I've been supporting Obama for a long time, and would definitely vote for him if I was old enough.


----------



## mona lisa (Jul 4, 2008)

Quote:

   Originally Posted by *captodometer* 

 
_I will vote for Obama, only because I think he is the lesser of two not quite evils.

I don't think Obama really knows what he's doing, but McCain is just too damned old. The average life expectancy of an American man is 78._

 
That is the average yes. But many live a lot longer than that -in varying degrees of health of course. 

I agree with you on Obama not knowing what he is doing but part of the reason is he is a young senator with less than a full term in the Senate. I am unaware of any senator ever who ran for president with less senate tenure than Obama (even Hillary had more than a full senate term before she actually decided to run). And while ideally someone with executive experience would be available for voting for -as executives such as former governors, mayors, etc. have some executive experience which seems to me important for the role of Executive of the United States- at least McCain can point to four years in the House of Representatives and twenty years in the Senate for some government experience. More on this in a moment.

 Quote:

   Originally Posted by *captodometer* 

 
_ Remember when Reagan kept saying "I do not recall" during Iran Contra?  We all thought he was lying through his teeth, but he probably really didn't remember.  Because he got diagnosed with Alzheimer's not too long after leaving office.  I don't see the point of electing somebody who could become senile or die of old age while in office
	

	
	
		
		

		
		
	


	


_

 
Reagan was diagnosed with the early stages of Alzheimer's in 1994 -five years after he left office. I remember the whole Iran Contra thing and one reason Reagan could not remember a lot of stuff is it was his subordinates who did all the planning and executing of the funneling of arms to the contras. Reagan approved of the first part of the equation (the selling of outdated munitions to Iran to offset the Soviet's support of Iraq during the Iran-Iraq war) but the rest of it was handled by persons such as Oliver North and company who kept Reagan in the dark.

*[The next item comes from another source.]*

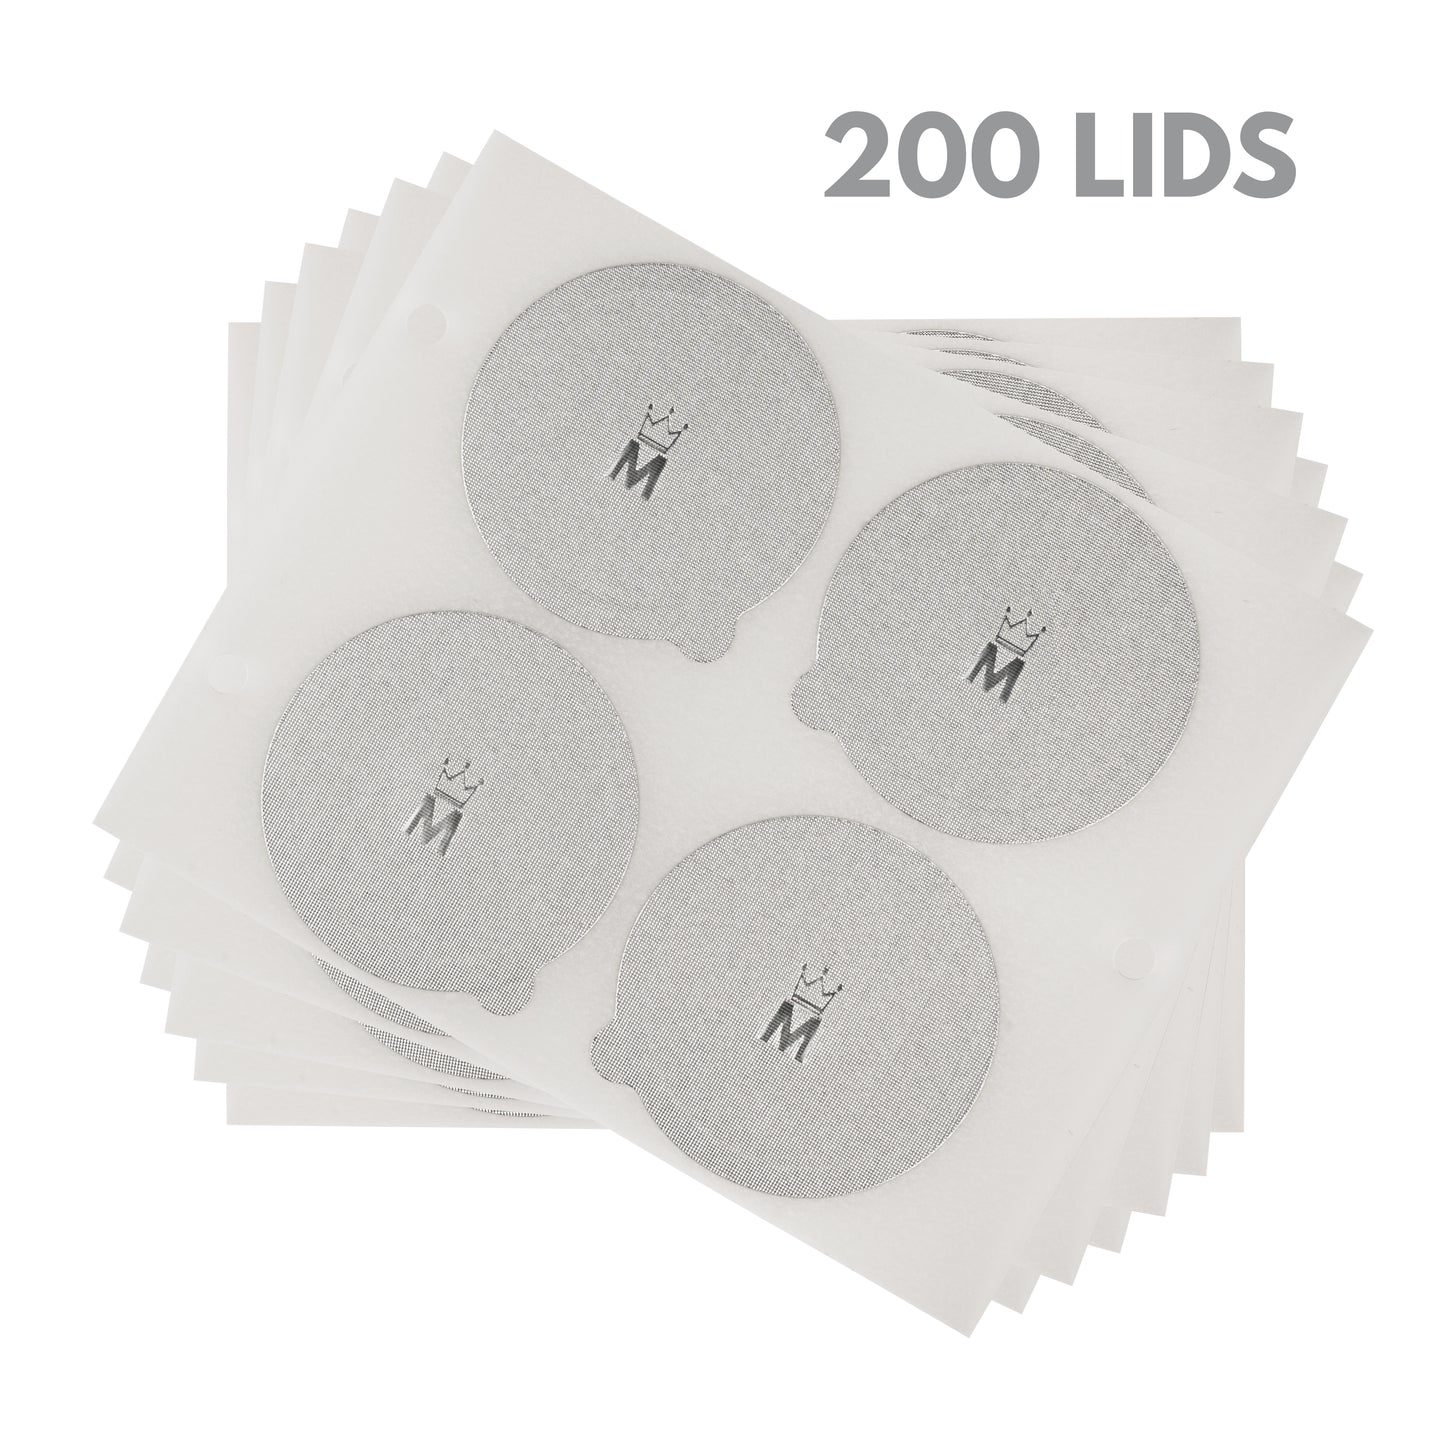 Adhesive Aluminium Lids for Compatible Nespresso - Pack of 200 Lids

But whatever you think of Iran Contra -and I happen to think it was fine to arm those fighting the communist thug Sandinistas rather than cozying up to them the way the Democratic congress leaders of the time were disgracefully doing- not a single American soldier was killed in that policy. The scale in the Iran-Iraq war was kept balanced so they could continue to beat each other up and wear themselves out rather than focus their extremisms elsewhere, it kept the Soviet attempt to gain a foothold of influence in the Middle East in solid check, and it also gave the Contras time to get the Sandinistas to agree to an election with observers that they could not fix which resulted in their defeat in 1990 the year after Reagan left office. 

But those points aside, when it came out with all the hulabaloo, Reagan went on television and took responsibility for it as something that happened on his watch. Compared to President Clinton (who never took responsibility for anything he screwed up on and tried to take credit for things he did not do) and the current president (who seems to have his own problems admitting to mistakes made), that is no small thing to want to see in a leader.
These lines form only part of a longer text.